La semaine dernière, l’Union Cycliste Internationale a rendu son verdict quant à l’affaire Armstrong, approuvez-vous sa décision ?
Bien sûr, la décision de l’UCI a été juste, personne n’aurait compris une autre décision. Même si elle est décriée ou qu’on lui trouve du laxisme dans la lutte antidopage, je trouve que l’UCI reste la fédération la plus active contre le dopage. Si aujourd’hui on découvre encore des tricheurs, c’est qu’il existe des politiques très fortes pour lutter contre le dopage. Ce n’est certes peut-être pas suffisant mais en attendant ça marche. Je crois en l’avenir. Le cyclisme va mieux et je reste optimiste. J’ai vu des choses, ces deux, trois dernières années, de nature à nous rassurer.

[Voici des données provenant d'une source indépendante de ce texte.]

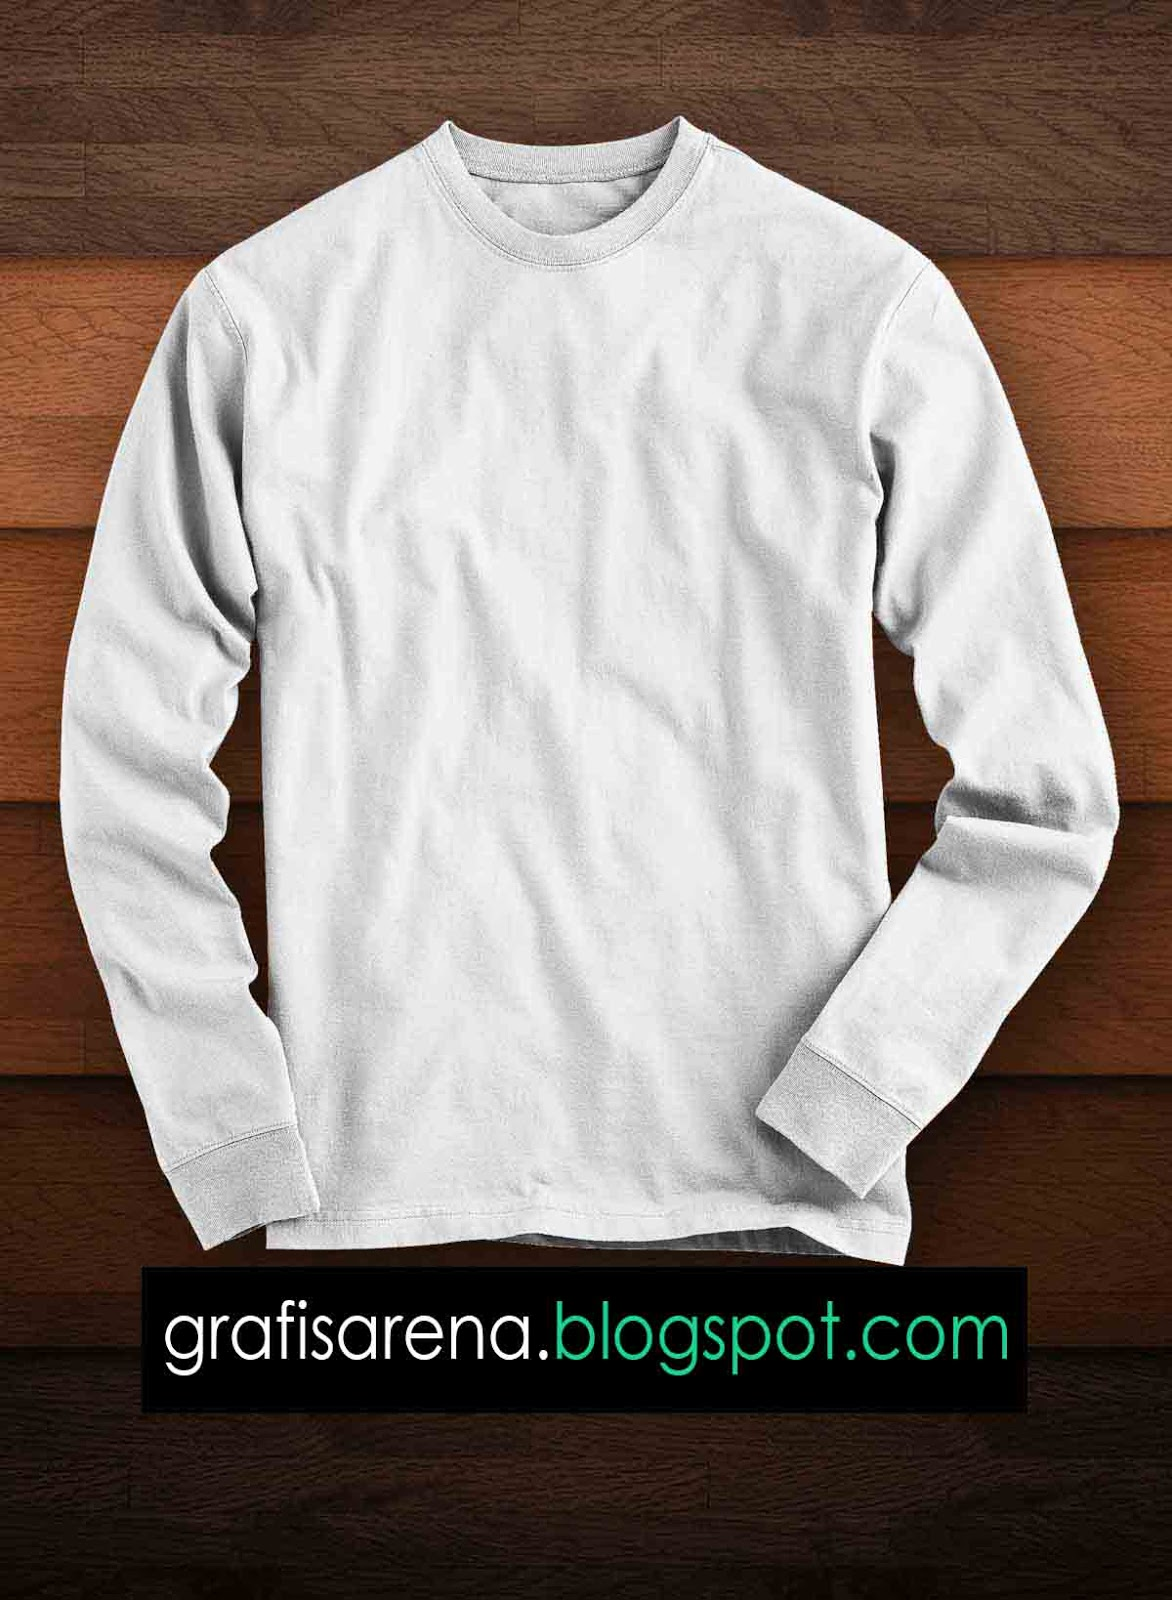 Template Kaos Lengan Panjang : template, lengan, panjang, Download, Template, Untuk, Photoshop

Etes-vous moins inquiet qu’il y a quelques saisons en arrière ?
J’avais déjà tout cet espoir il y a quelques années mais c’est vrai que lorsqu’on voit tout ce qu’on a pu lire sur l’organisation du dopage autour d’Armstrong, c’est effrayant ! Ce n’est pas la façon dont je conçois mon sport. Heureusement nous avons dans nos équipes beaucoup de jeunes plein d’avenir. C’est ce en quoi j’ai envie de croire. La pression est plus forte et de ce que l’on ressent sur le terrain, ça va beaucoup mieux. Tout n’est pas fini, il y aura toujours des irréductibles, mais la pression des instances, des contrôles antidopage, des managers, peut finir par décourager les tricheurs.
Quel doit être le rôle d’un manager dans ce contexte ?
Ce qui est important c’est la pérennisation de nos équipes, de nos athlètes. Il y a des vies derrière, il y a des familles. Evidemment qu’un jour je rêve de gagner le Tour de France. Pour le moment ce n’est pas arrivé, et j’en suis encore loin, mais nous avons toujours de jeunes coureurs qui arrivent, qui ont de l’ambition, et il faut pouvoir les soutenir jusqu’au bout.
Propos recueillis à Paris le 24 octobre 2012.